The body weight changes of the mice in each group are shown in Figure 1A. The body weight of the mice in the control (CK) group showed a steady upward trend, and the body weight of the mice in the model (Vp) group continued to decline after 2 days of exposure to Vibrio parahaemolyticus infection. JZXJ-7 intervention (L-JZXJ-7+Vp) failed to significantly inhibit weight loss, but slowed it down to a certain extent, high-dose JZXJ-7 (H-JZXJ-7+Vp) intervention reversed weight loss, the experimental At the end, it was consistent with the body weight change of the CK group, an increase of (6.88±0.41)%, and there was a statistical significance with the Vp group (P<0.05); and mild diarrhea and bloody stools, reflected in the disease activity index (DAI) score (Figure 1B), the DAI score of healthy mice in the CK group did not change, and the DAI score of the Vp group increased significantly, reaching 8.23±0.21 on the 7th day after exposure to infection , the DAI score of the L-JZXJ-7+Vp group (7.46±0.33) was not significantly different from that of the Vp group, while the DAI score of the H-JZXJ-7+Vp group (3.92±0.18) was significantly lower than that of the Vp group (P<0.05) ; The load of intestinal pathogenic bacteria is an important indicator for evaluating infection damage (Fig. 1C). Vibrio parahaemolyticus was not detected in the intestinal soluble matter of mice in CK group, Vp group, L-JZXJ-7+Vp group and H-JZXJ- The amount of Vibrio parahaemolyticus in the ileum and cecum of mice in the 7+Vp group was lower, and the amount of bacteria in the colon was the highest, respectively (3.52±0.13), (3.13±0.11) and (1.52±0.07) lg CFU/g, According to the difference analysis among the groups, the amount of Vibrio parahaemolyticus colonization in the ileum, cecum and colon of the mice in the H-JZXJ-7+Vp group was significantly lower than that in the Vp group (P<0.05). In summary, JZXJ-7 intake of 10 ⁸ CFU/d can effectively resist weight loss, increase of disease activity index and colonization of intestinal pathogens in mice caused by Vibrio parahaemolyticus infection.
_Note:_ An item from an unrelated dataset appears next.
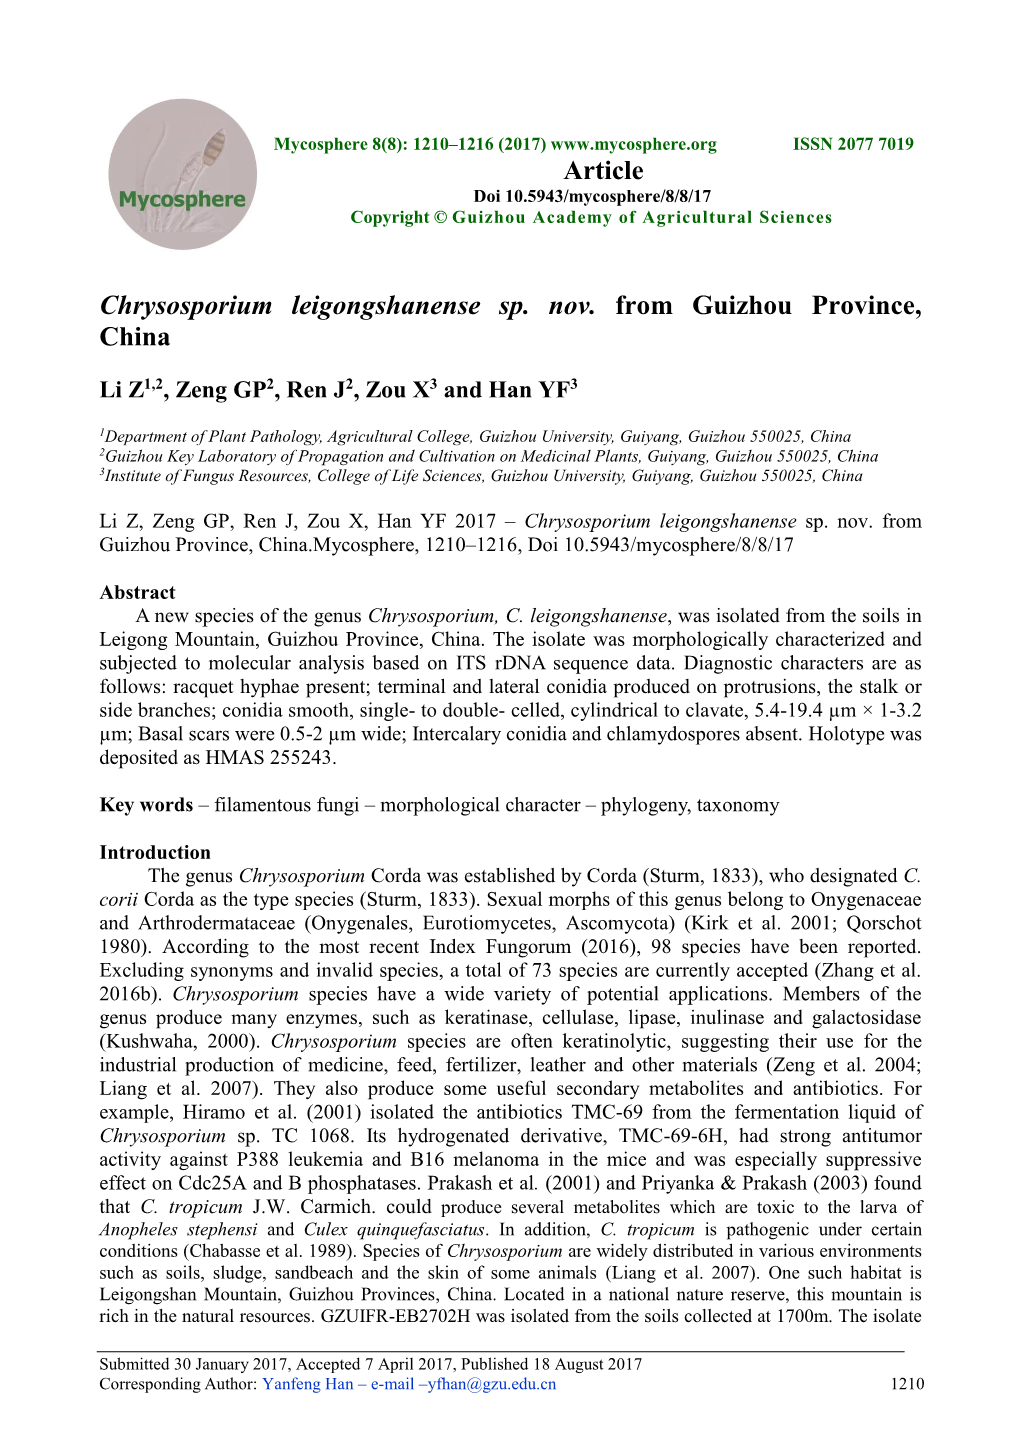 Chrysosporium Leigongshanense Sp. Nov. from Guizhou Province, China

2. Bacillus subtilis JZXJ-7 improves colonic pathological damage in mice

Infection by enteric pathogens begins in the epithelial tissue. HE staining of the mouse colon showed (Fig. 2A). The colonic crypts of the healthy mice in the CK group were clear and well-defined, the mucosal epithelium was complete, and there was no inflammatory cell infiltration. The cells decreased, the depth of crypts became shallower, accompanied by hyperplastic connective tissue, and a large number of inflammatory cell infiltration could be seen in the lamina propria. The infiltration was significantly reduced, the focal intestinal gland structure disappeared, and JZXJ-7 improved the invasion and damage of Vibrio parahaemolyticus to the colon; PAS staining showed (Figure 2B, 2D), which was comparable to the number of goblet cells in the colonic epithelium of the CK group, which was 28.93±1.41 The number of goblet cells in the Vp group was significantly reduced to 6.72±0.79 (P<0.01), and the high-dose JZXJ-7 intervention in the H-JZXJ-7+Vp group significantly alleviated the disappearance of goblet cells induced by Vibrio parahaemolyticus (23.95±1.12, P<0.05), while the L-JZXJ-7+Vp group had no significant improvement; MASSON staining showed (Fig. 2C, 2E), compared with the CK group mice intestinal tissue collagen deposition (6.03±1.64)% Compared with Vp group, Vibrio parahaemolyticus infection led to a significant increase in colonic collagen deposition, reaching (13.12±1.45)%. Collagen deposition in the mouse colon was reduced, and high-dose JZXJ-7 intervention significantly reduced the accumulation of extracellular matrix on the intestinal wall ([7.83±1.21]%), which was significantly different from the Vp group (P<0.05); The comprehensive score of physical science showed that (Fig. 2F), there were differences in the colonic pathological scores of the mice in each group, among which the scores of the Vp group and the L-JZXJ-7+Vp group were higher, being (8.26±0.98) and (7.33±1.02), respectively, There was no statistically significant difference between the two data, followed by the H-JZXJ-7+Vp group (2.89±1.21), and the CK group was the lowest (1.55±1.03). Compared with the Vp group, the high-dose JZXJ-7 intervention group effectively reduced Pathological score (P<0.05).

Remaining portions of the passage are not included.